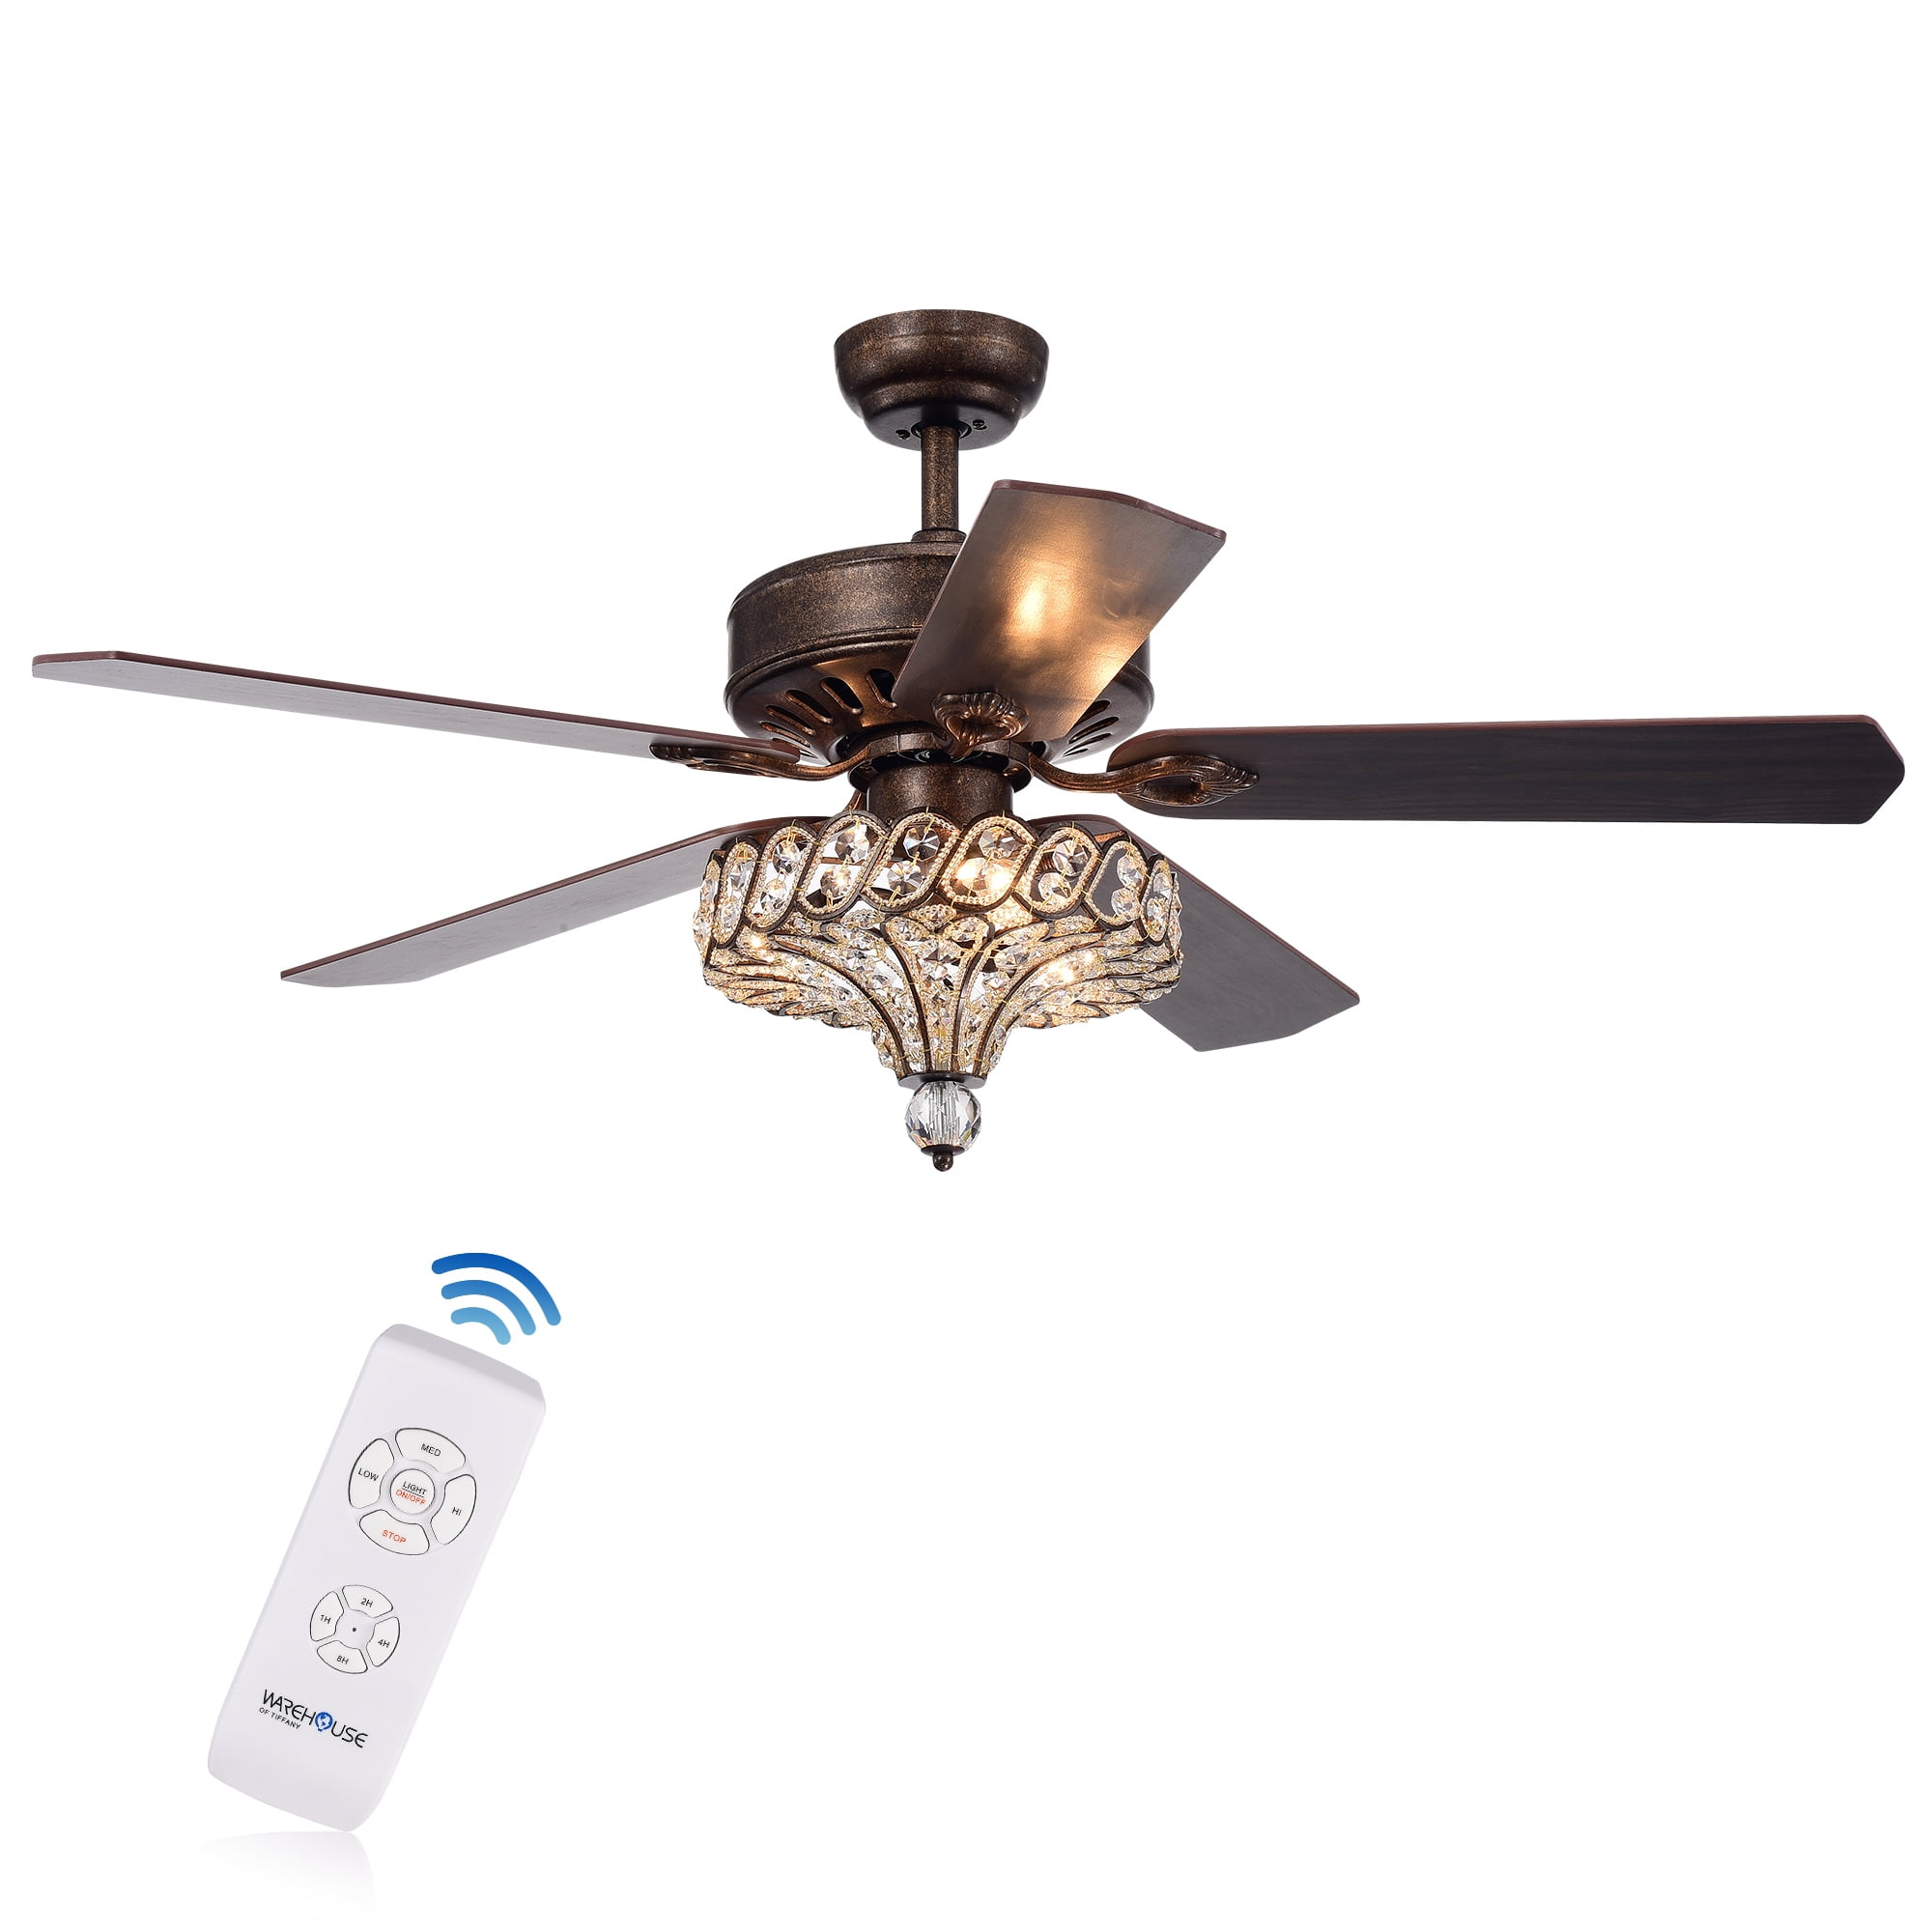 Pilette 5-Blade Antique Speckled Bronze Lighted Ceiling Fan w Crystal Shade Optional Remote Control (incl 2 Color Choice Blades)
...
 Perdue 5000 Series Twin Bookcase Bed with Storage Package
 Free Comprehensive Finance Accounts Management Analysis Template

● About this task
Return only the stretch of the material above from the line holding "Perdue 5000 Series" through the line holding "Free Comprehensive Finance", copied exactly.

● Task solution
 Perdue 5000 Series Twin Bookcase Bed with Storage Package
 Free Comprehensive Finance Accounts Management Analysis Template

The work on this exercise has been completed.